E você pensa em fazer uma continuação para valer de “Cien Niños Esperando un Tren”, melhor documentário em Havana? Ou seja, procurar aquela professora, que estimulava as crianças a amar o cinema, para ver que rumos tomaram?
Não. O que eu queria fazer, eu fiz naquele momento (1988). Ainda mantenho contato com a professora Alícia Vega, que vive na mesma casa de 30 anos atrás. Alguns dos meninos, hoje adultos, mantiveram contato com ela. E eu os reencontrei algumas vezes. Não vejo razão para voltar a este filme.
O cinema e a memória histórica fazem parte de seu universo de trabalho. Você realizou um filme – “El Diário de Agustín” (Agustín Edwards Eastman, proprietário dos jornais El Mercúrio, La Segunda e Las Últimas Notícias) – sobre a linha editorial de importantes veículos de comunicação chilenos durante a ditadura militar.
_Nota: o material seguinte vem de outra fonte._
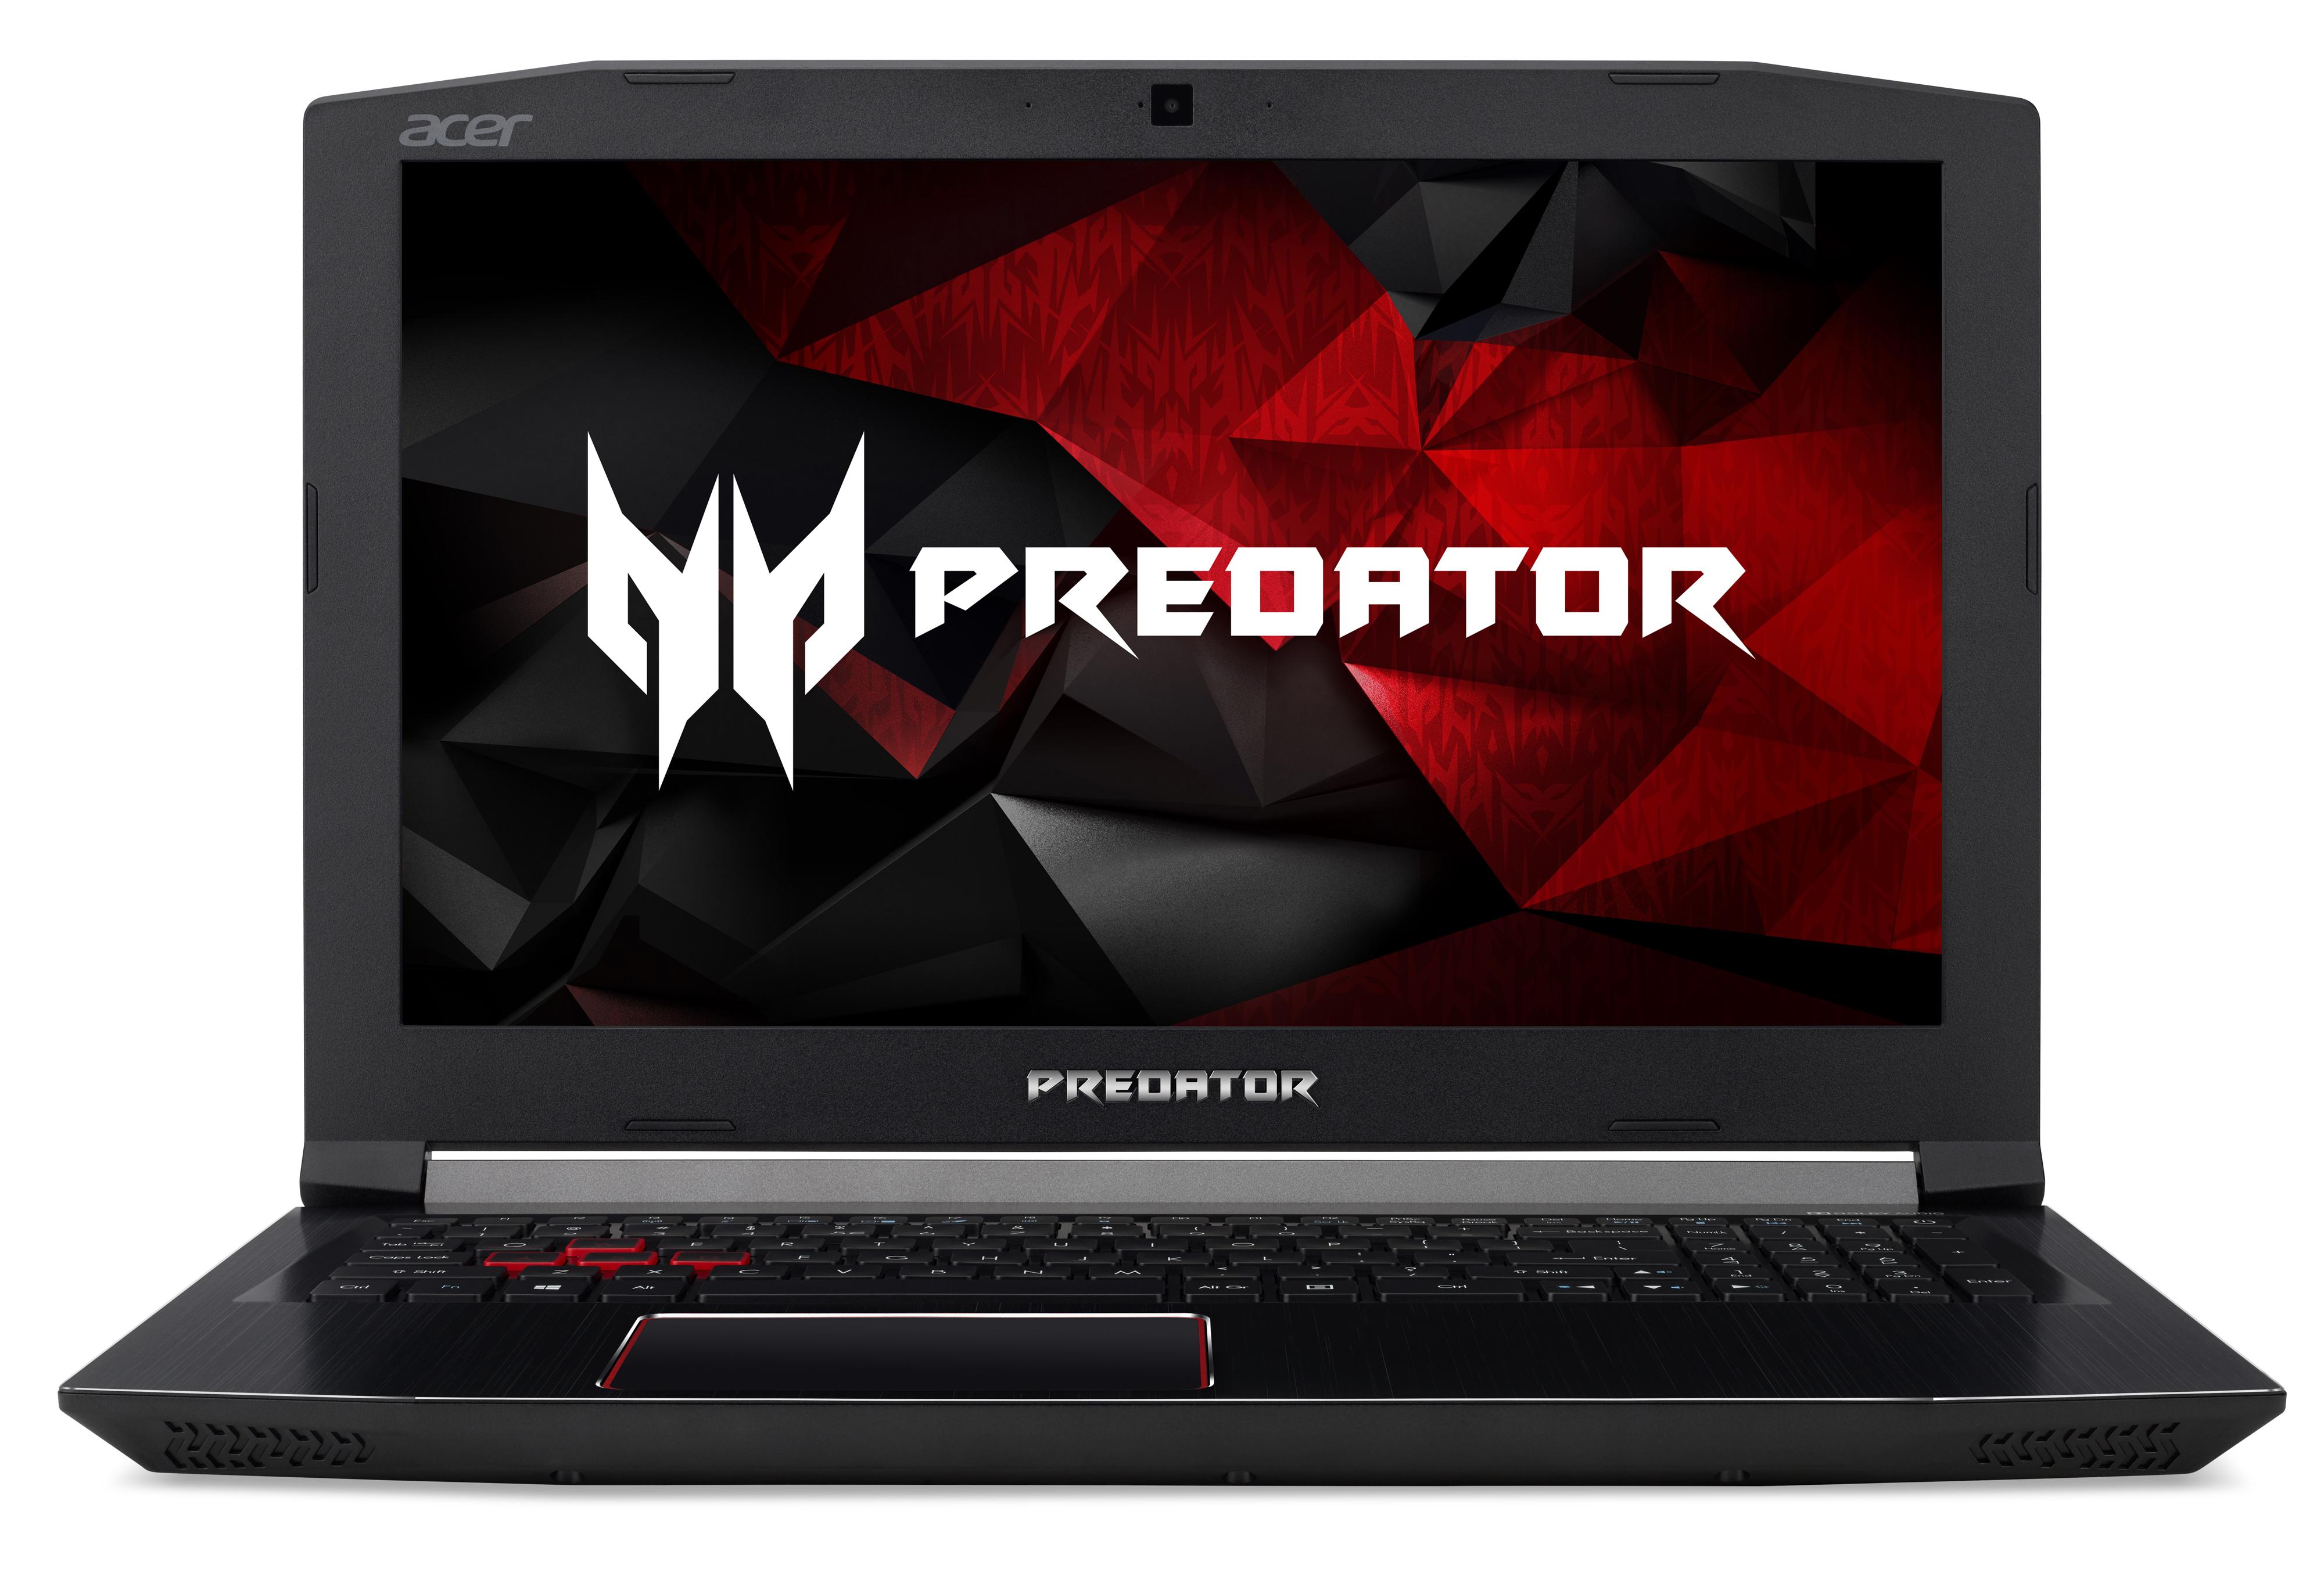 predatorhelios300g3-571_572_573_predator-wp_01.jpg

O que me interessa, ao fazer um filme, é partir de imagens ou de uma situação. O que é a memória? Difícil dizer, até porque ela está impregnada em tudo que fazemos. Quanto ao filme a que você se refere – “El Diário de Agustín” –, ele foi construído a partir de um grupo de estudantes de Jornalismo, de importante universidade chilena, que investigava casos de violação de Direitos Humanos. Trabalhamos juntos.